# my latest aqquisition



## ballooman (Aug 20, 2007)

this is my latest pick up found it in an antique shop had to have it its a 48 with a lincoln head badge matches my 40 . wont be able to sleep tonite cuz my conscience wont let me I stole this one!!!


----------



## Monark52 (Aug 21, 2007)

Hey man,nice find...great original shape too! What are your plans for this one?


----------



## J.E (Aug 21, 2007)

I've got a red and cream 48 hornet with a lincone Badge.I like you're bike.


----------



## ballooman (Aug 21, 2007)

*ride it like I stole it*

basically just gonna clean it up get the lite an horn workin touch up a few ratty spots and ride it like I stole it


----------



## Clownbrew (Aug 22, 2007)

ballooman said:


> this is my latest pick up found it in an antique shop had to have it its a 48 with a lincoln head badge matches my 40 . wont be able to sleep tonite cuz my conscience wont let me I stole this one!!!

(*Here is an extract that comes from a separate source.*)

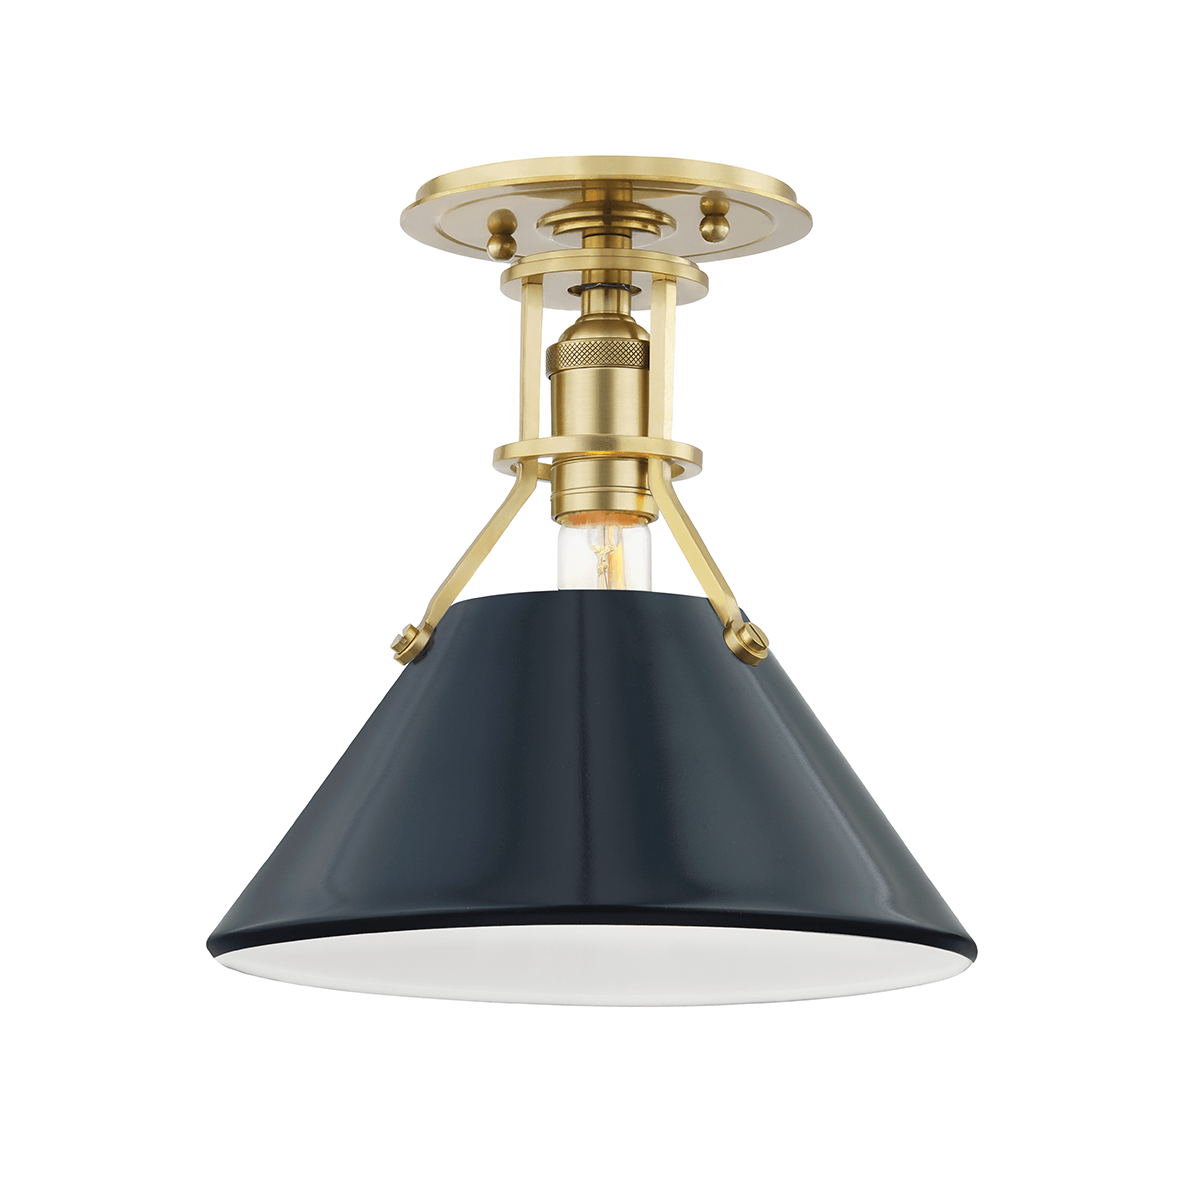 Hudson Valley Lighting - Painted No.2 Semi Flush Mount - MDS353-AGB/DBL | Montreal Lighting & Hardware

If you think you stole it, what do you suppose the antique guy had in it?


----------



## ballooman (Aug 22, 2007)

*antique guy*

dunno it was a consignment piece but they didnt know much about the bike or what it was just that it was a schwinn antique shops are a great place to get stuff like this un less they specifically deal in bikes then yer gonna pay full price


----------



## ballooman (Aug 22, 2007)

*je,s bike*

Thats cool Ive got a red an creme 1940 dx thats badged as a lincolnlets see some pix of yours


----------